* Available data *
= = =

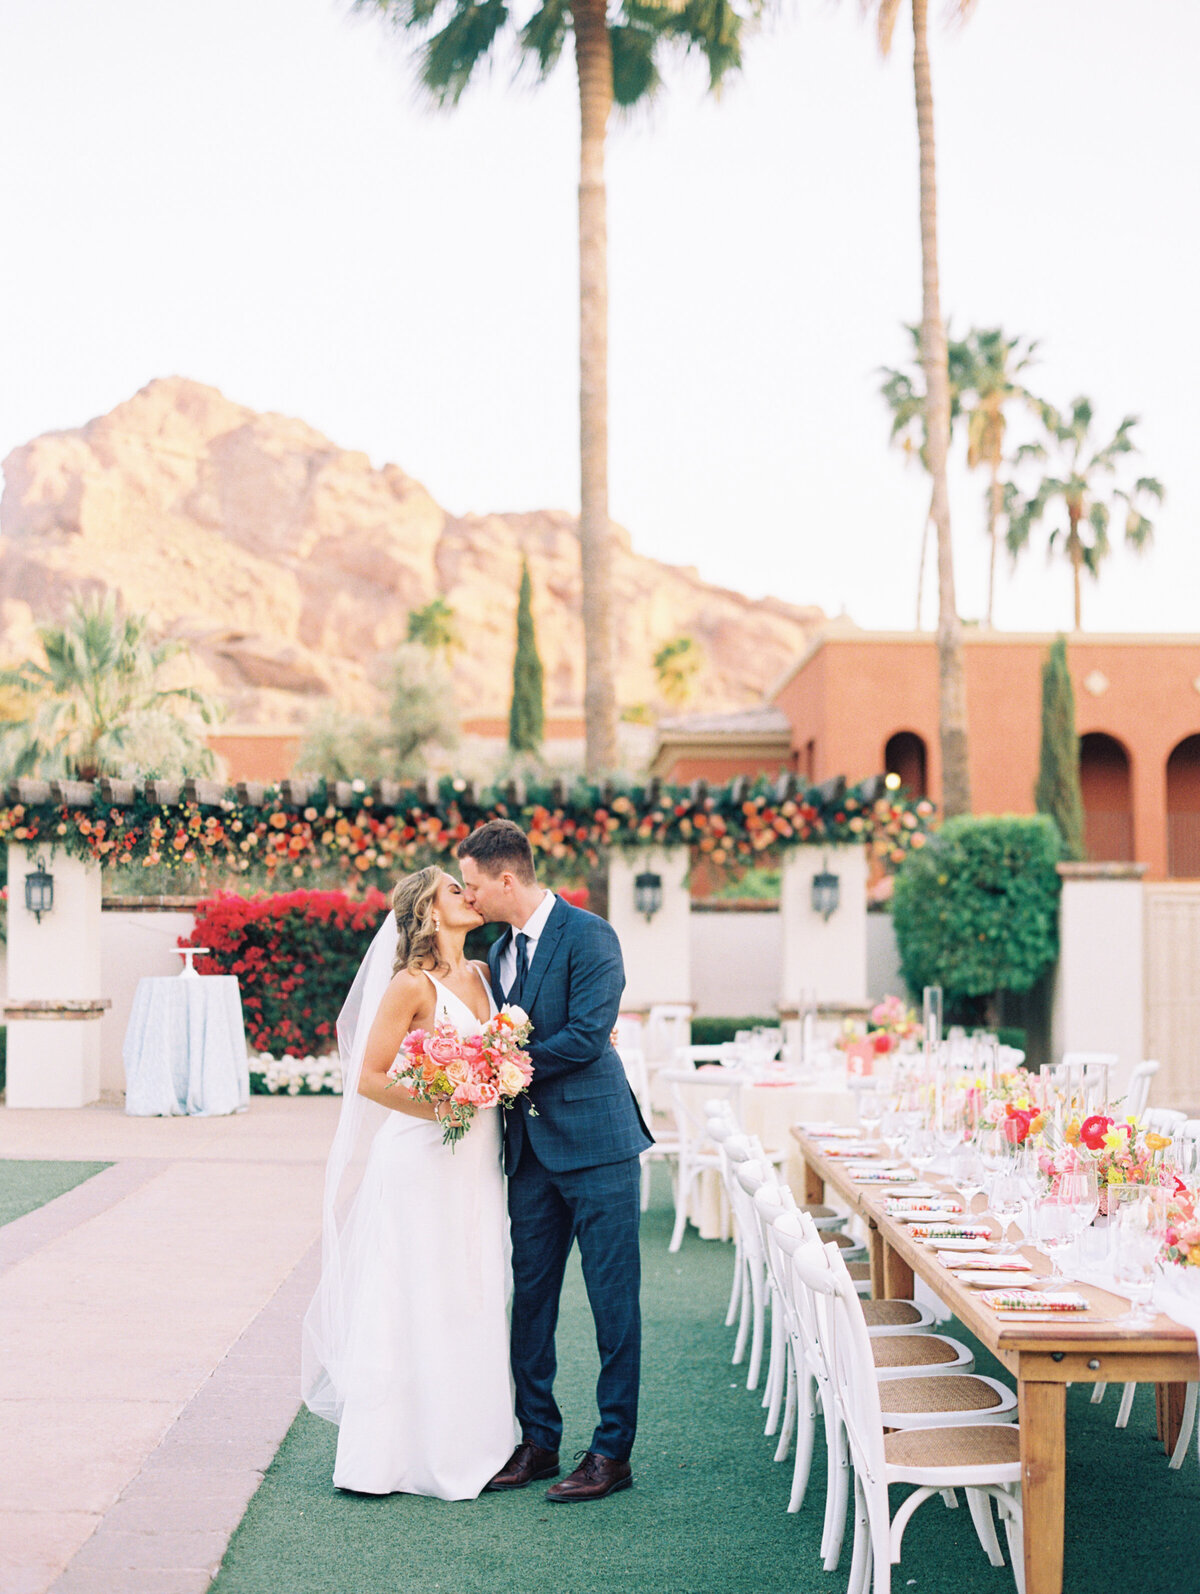 Rachael & Cameron Testimonial | Mary Claire Photography | Arizona & Destination Fine Art Wedding Photographer
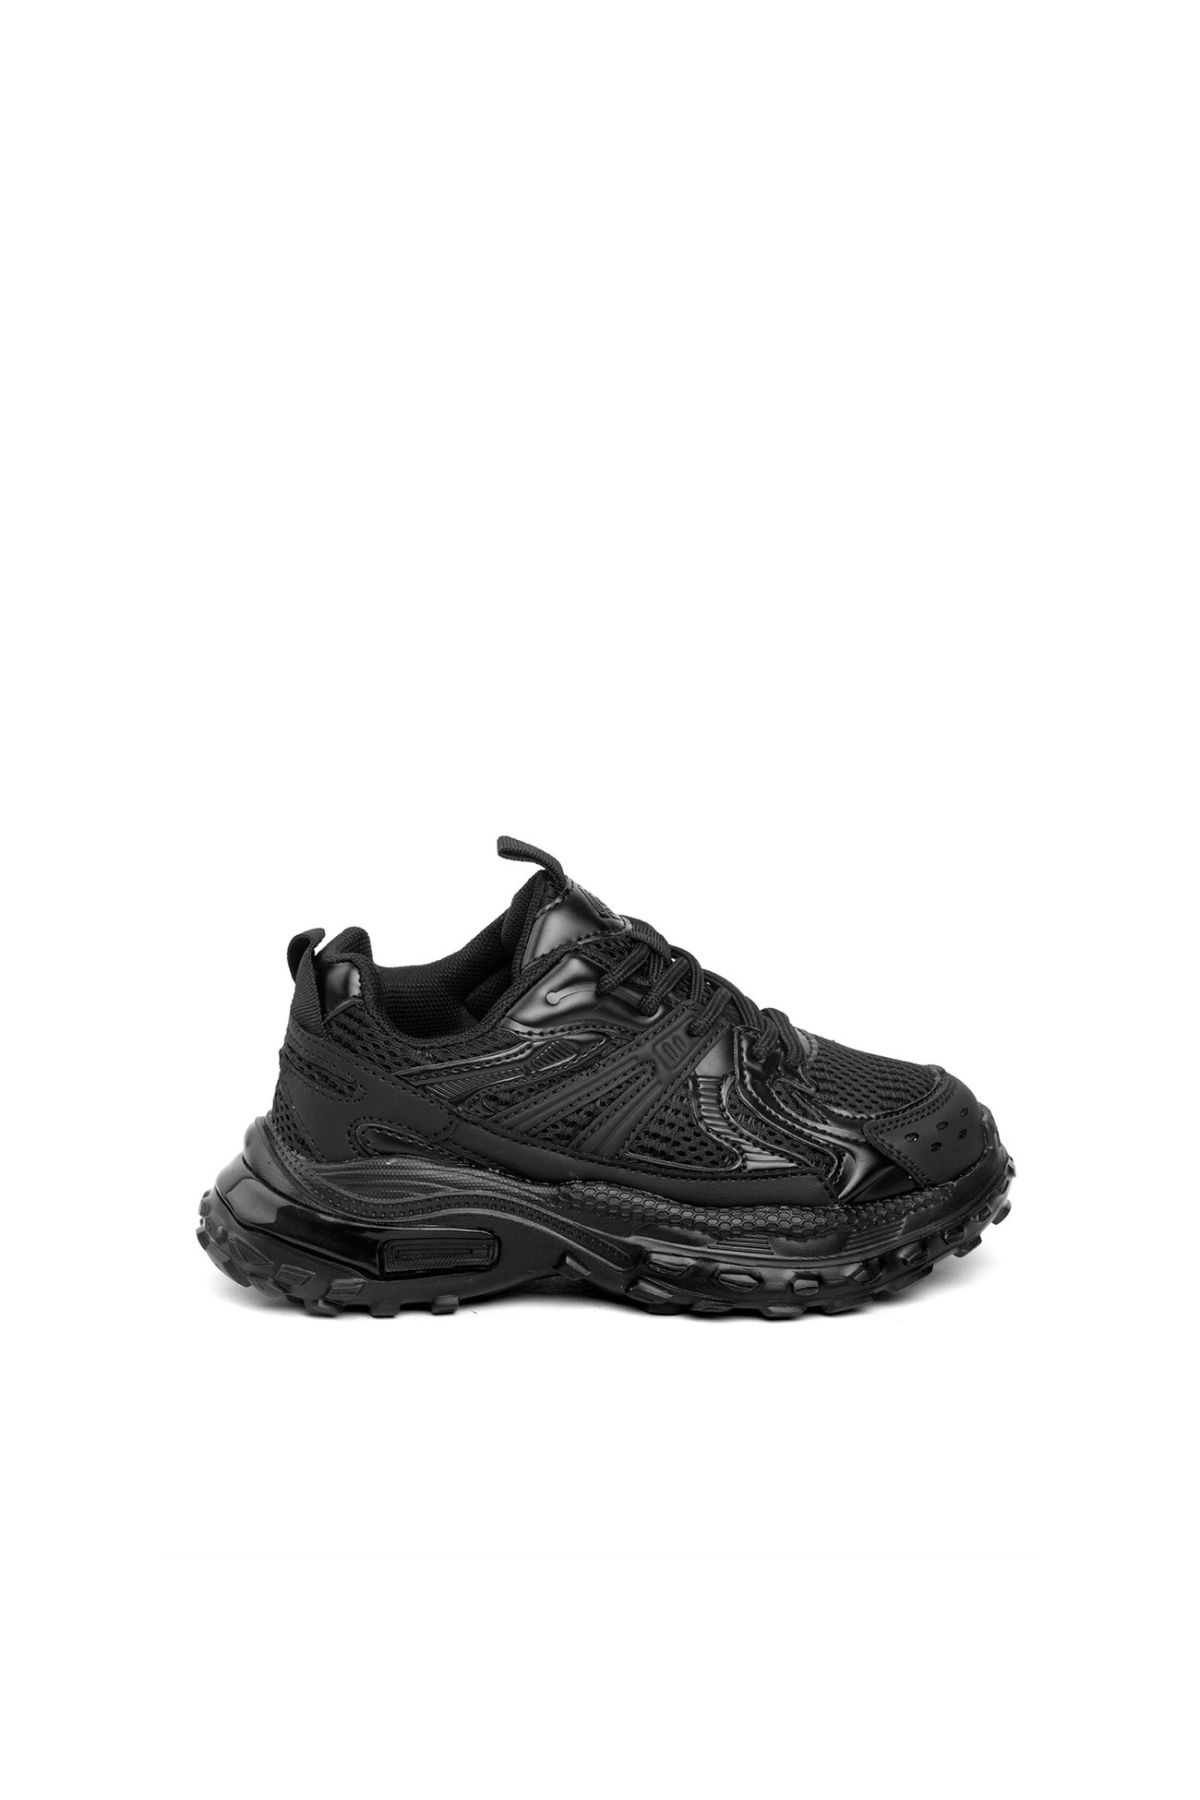 pepino FY24-1682 Çocuk Spor Ayakkabısı Siyah
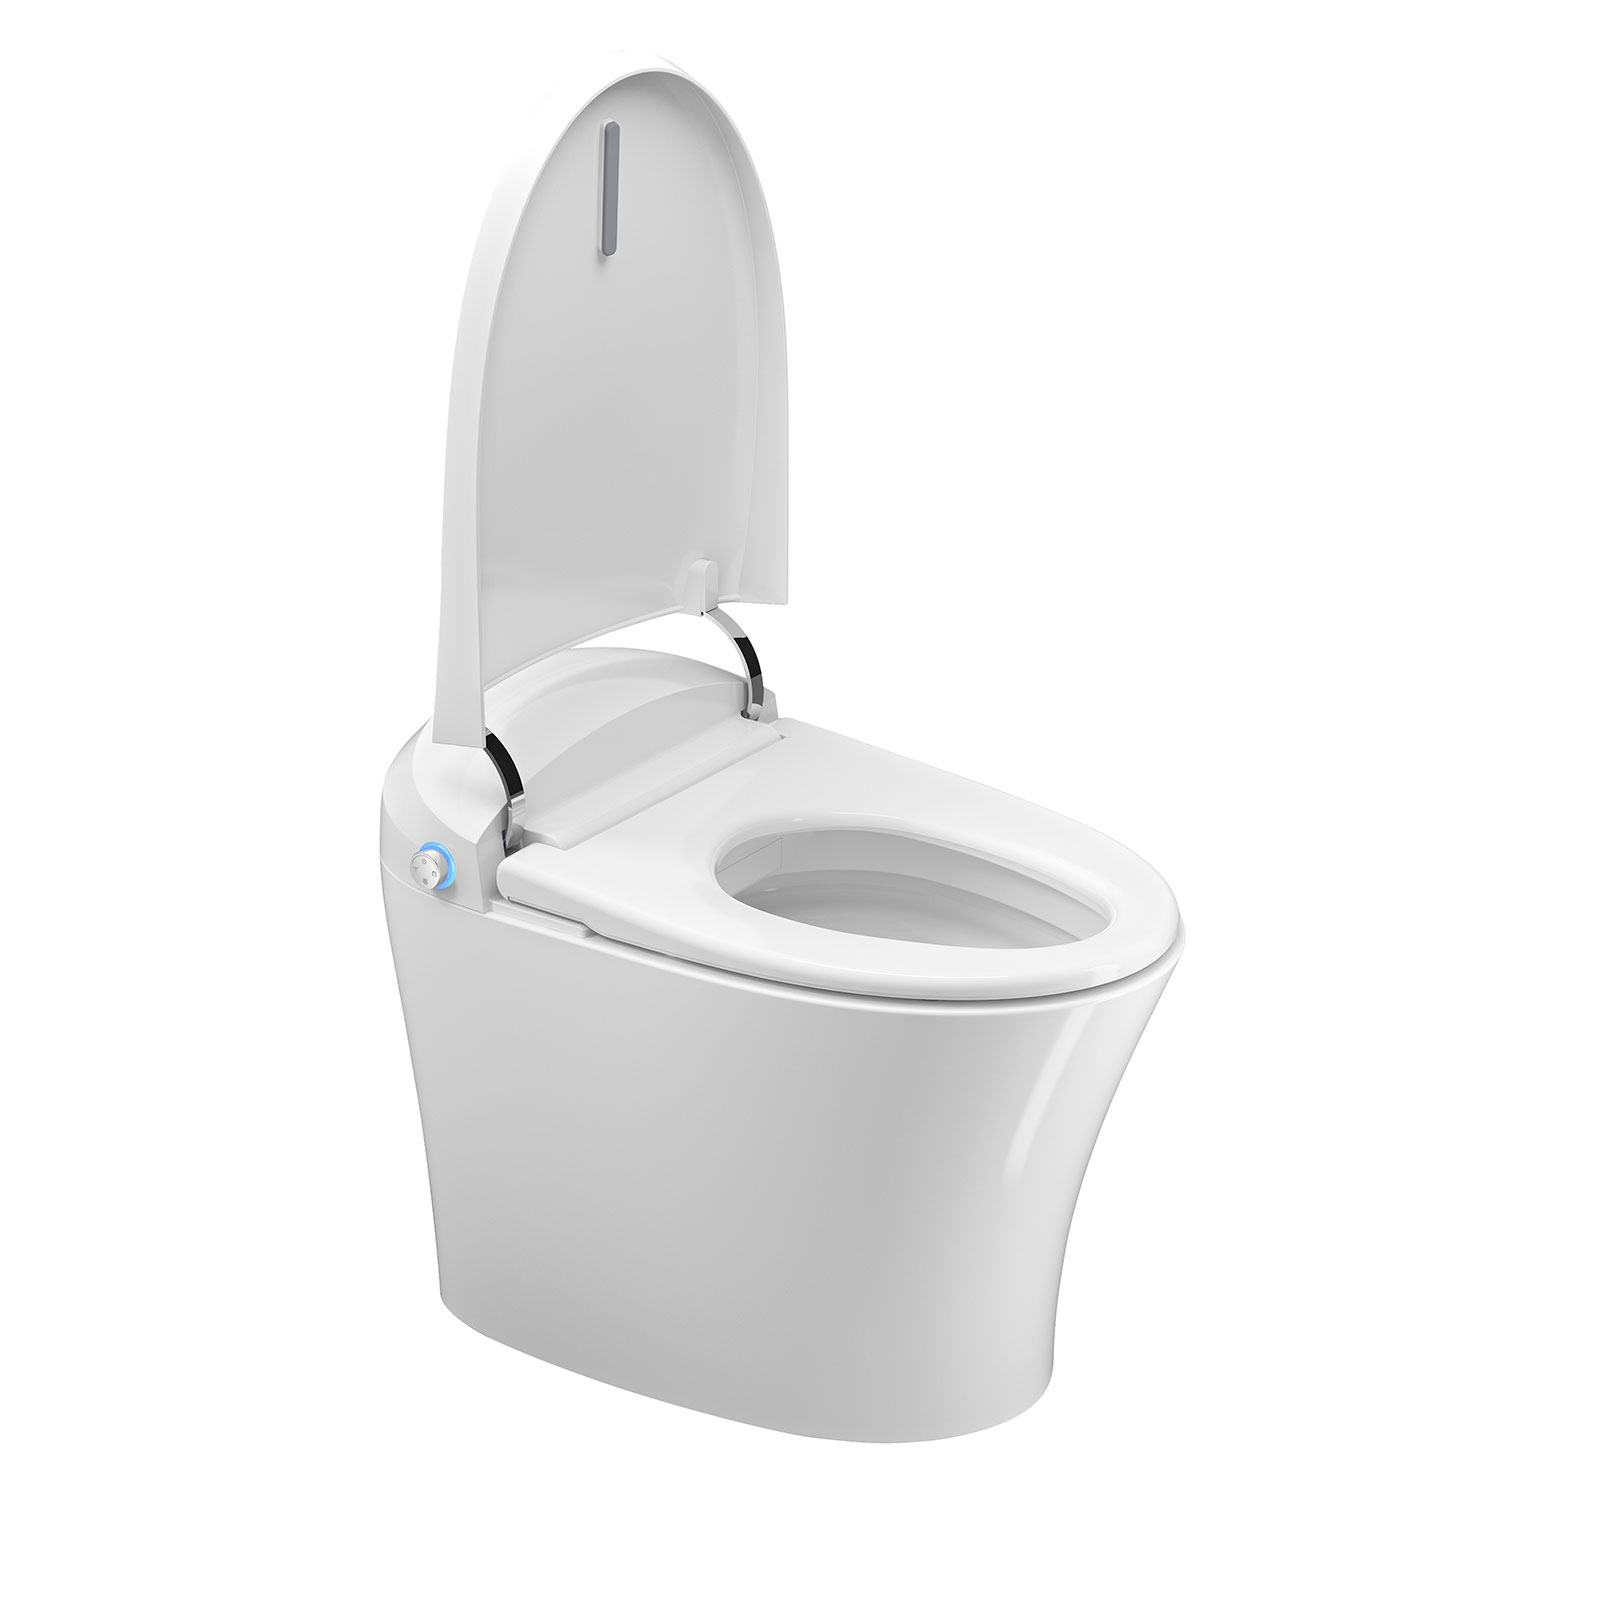 https://www.conceptbaths.com/images/detailed/17/smart-toilet-bidet-832DF-5.jpg
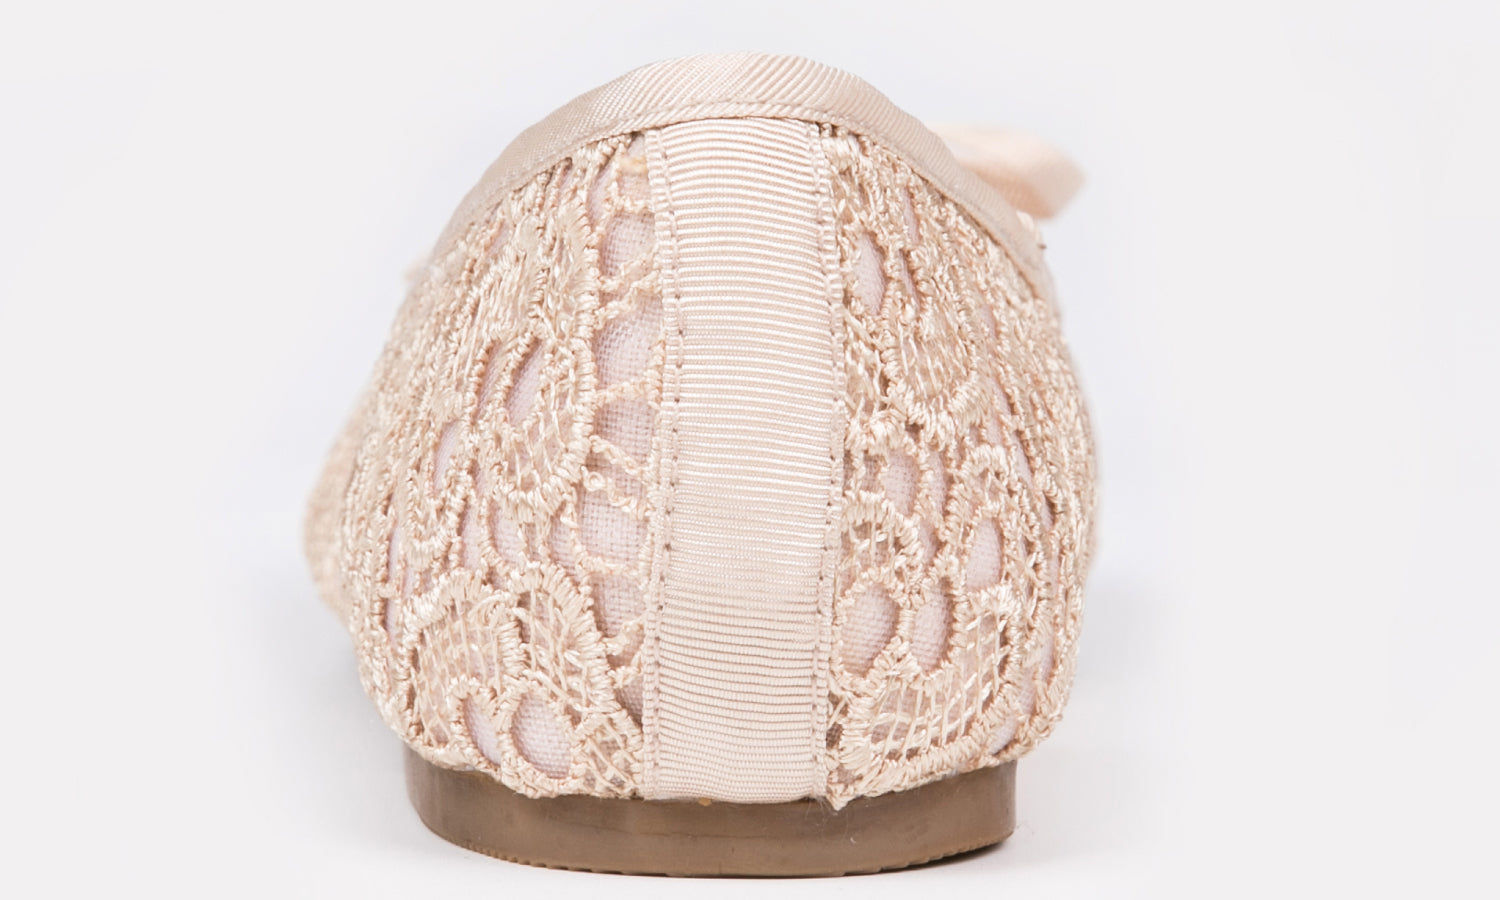 Feversole Round Toe Lace Ballet Crochet Flats Nude Women's Comfy Breathable Shoes

= = =

* What is being asked *
Copy each line above exactly, with no images.

* Answer box *
 Rachael & Cameron Testimonial | Mary Claire Photography | Arizona & Destination Fine Art Wedding Photographer
 pepino FY24-1682 Çocuk Spor Ayakkabısı Siyah
 https://www.conceptbaths.com/images/detailed/17/smart-toilet-bidet-832DF-5.jpg
 Feversole Round Toe Lace Ballet Crochet Flats Nude Women's Comfy Breathable Shoes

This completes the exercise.